The FILEVAR= option can be used on an INFILE statement or on a FILE statement. It lets you change the input file or output file during the execution of a DATA step without having multiple INFILE or FILE statements. It lets you write (using FILE) and read (using INFILE) multiple files in a single DATA step. So instead of creating a separate DATA step to read each file, and then appending the contents together, you can just use one DATA step.

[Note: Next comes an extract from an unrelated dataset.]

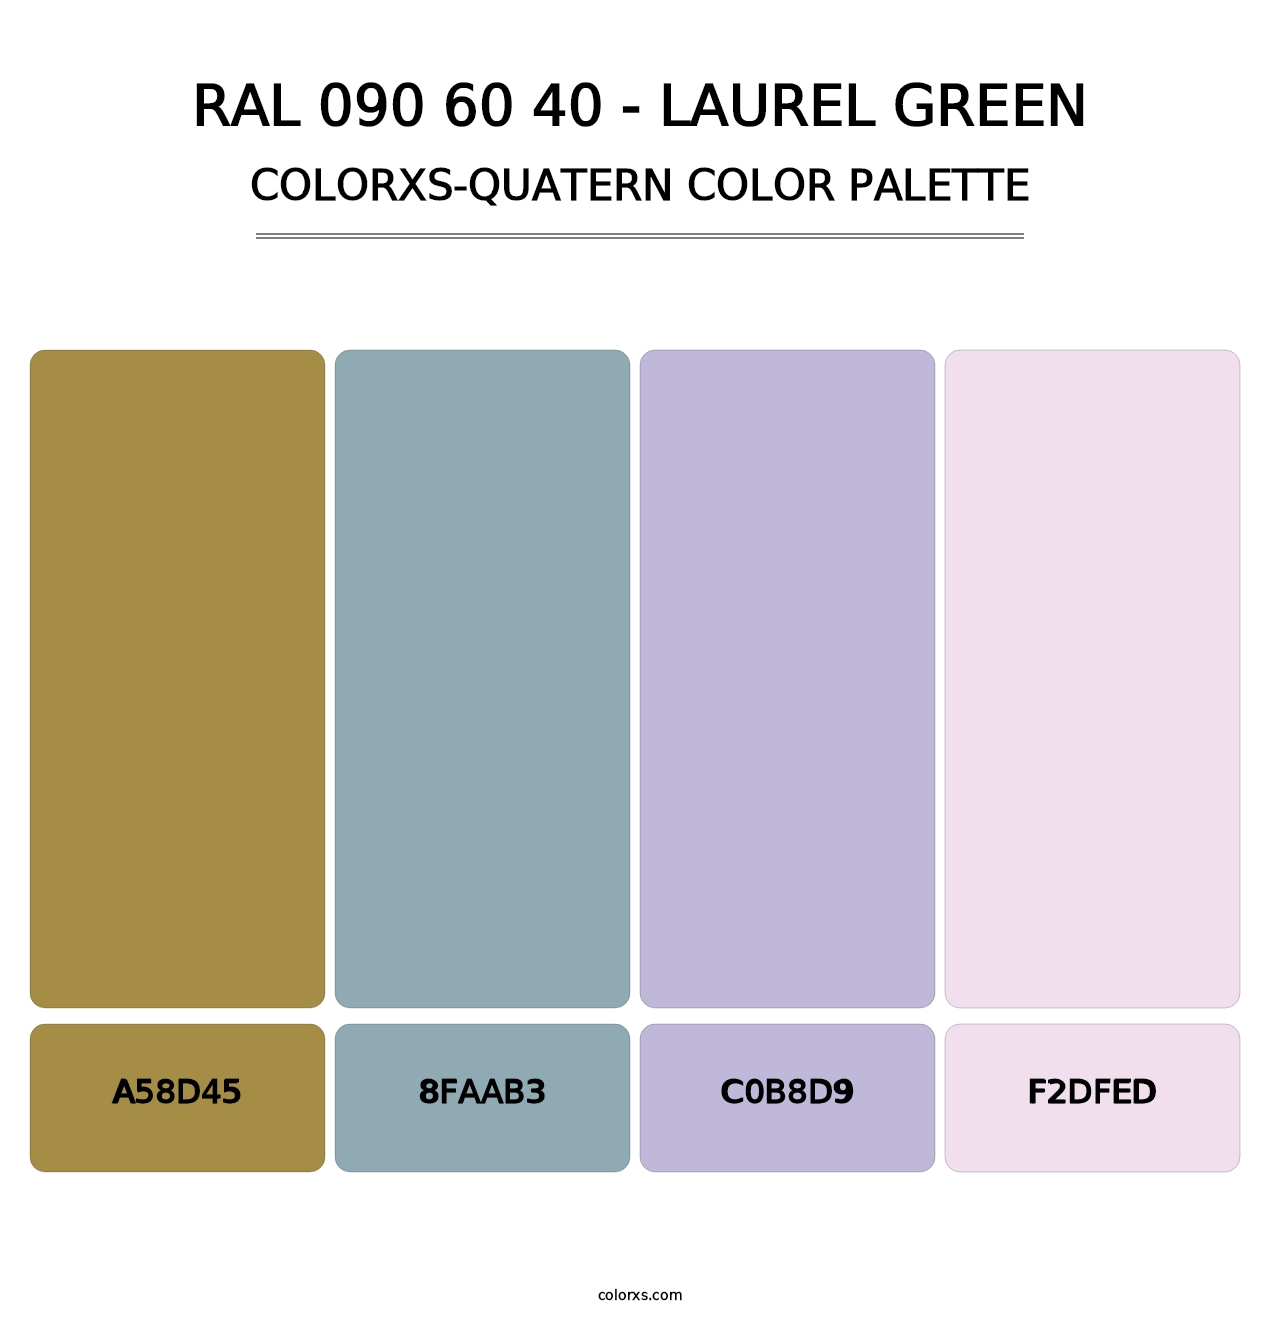 RAL 090 60 40 - Laurel Green - Colorxs Quatern Palette

The example in Program 3.8 and SAS Log 3.8 creates three files in a directory and writes to each of them in a single DATA step.

data _null_;

dirName = "c:\filevar\";

if (not fileexist(dirName)) then

dirName = dcreate("filevar", "c:\");

rc = filename("fvar", dirName);

do f = 1 to 3;

fname = cats(dirName, "file", f, ".txt");

file fff filevar = fname;

do i = 1 to f;

put "Line " i +2 "file" f +(-1)".txt";

end; /* do i – loop through records in file */

end; /* do f – loop through files to be created */

rc = filename("fvar");

run;

NOTE: The file FFF is:

Filename=c:\filevar\file1.txt,

RECFM=V,LRECL=32767,File Size (bytes)=0,

NOTE: The file FFF is:

Filename=c:\filevar\file2.txt,

RECFM=V,LRECL=32767,File Size (bytes)=0,

NOTE: The file FFF is:

Filename=c:\filevar\file3.txt,

RECFM=V,LRECL=32767,File Size (bytes)=0,

NOTE: 1 record was written to the file FFF.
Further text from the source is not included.